The Positions of the Parties
The Sellers
[17] The Sellers submit that the “directions” sought by the Purchasers are a thinly veiled attempt to substantially change the MSA and deprive the Sellers of their right to present their views on FMV. The draft Order included in the Sellers’ factum effectively adds new relief by requesting a declaration that the arbitration is not an arbitration within the meaning of the Act.
[18] The Purchasers seek appointment of an arbitrator under the MSA who is merely an appraiser, thus depriving the Sellers of their right to present documentation to support their position on the FMV of the shares and their procedural rights under the Act.

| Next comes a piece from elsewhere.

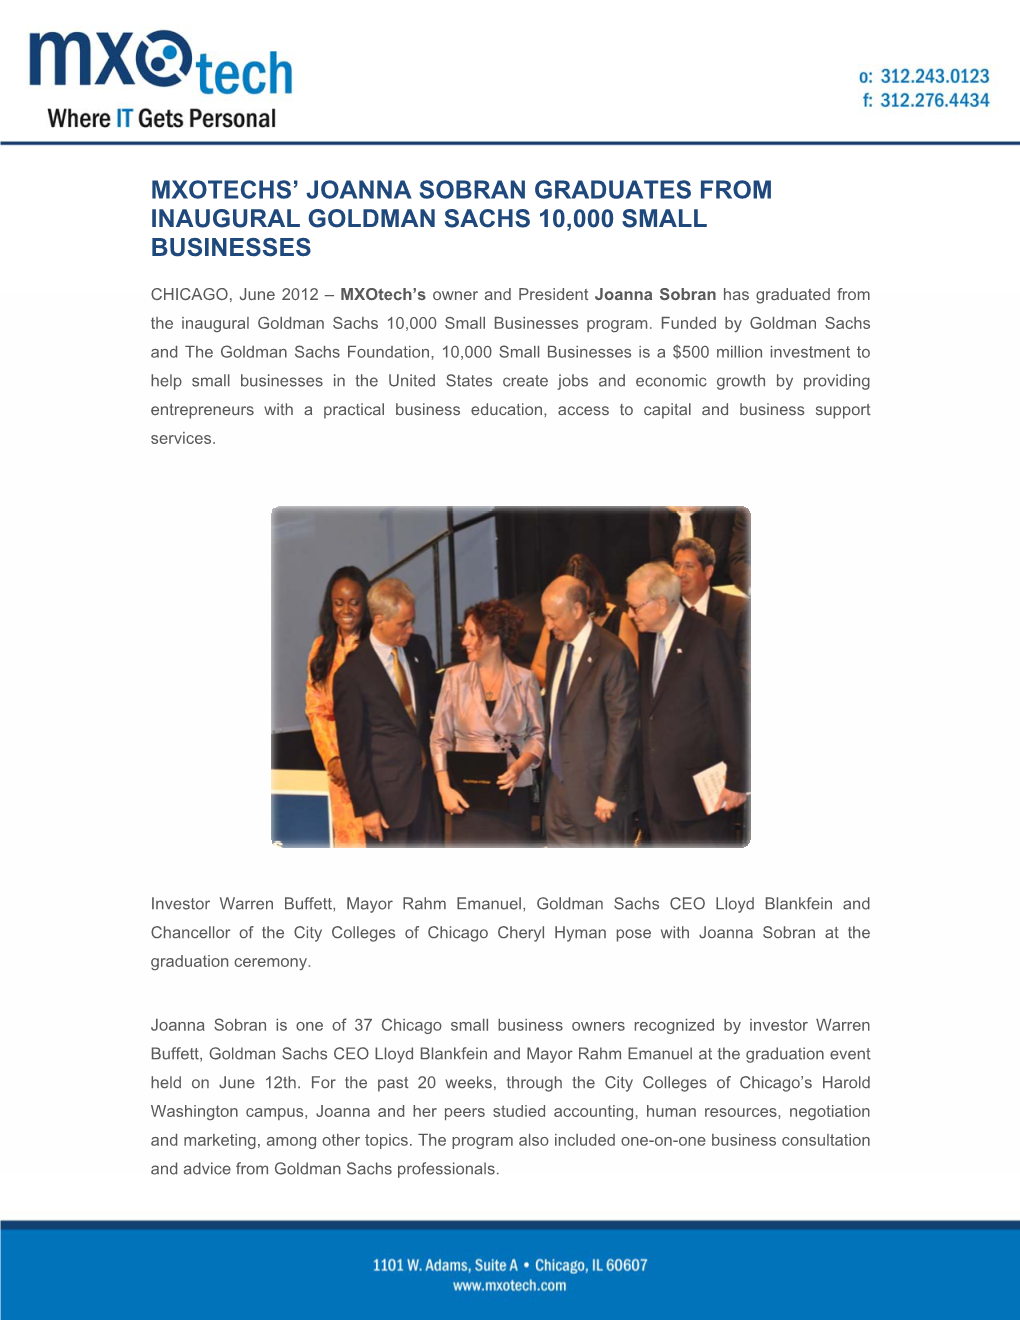 Mxotechs' Joanna Sobran Graduates from Inaugural

[19] The Sellers submit that the MSA is clear that the arbitrator appointed under the MSA to determine FMV is an arbitrator within the meaning of the Act which includes all of the procedural rights afforded to the Sellers.
[20] The Sellers further submit that up until recently, the Purchasers conducted themselves and their litigation such that they sought appointment of an arbitrator under the Act. The Sellers gave various examples of this previous conduct including the request in the Purchasers’ own application for appointment of an arbitrator under s.10 of the Act and the fact that their Notice of Dispute is styled as a pleading and a notice demanding arbitration under the Act. Paragraph 11 of the Notice of Dispute specifically refers to the Notice as triggering a dispute resolution process requiring arbitration.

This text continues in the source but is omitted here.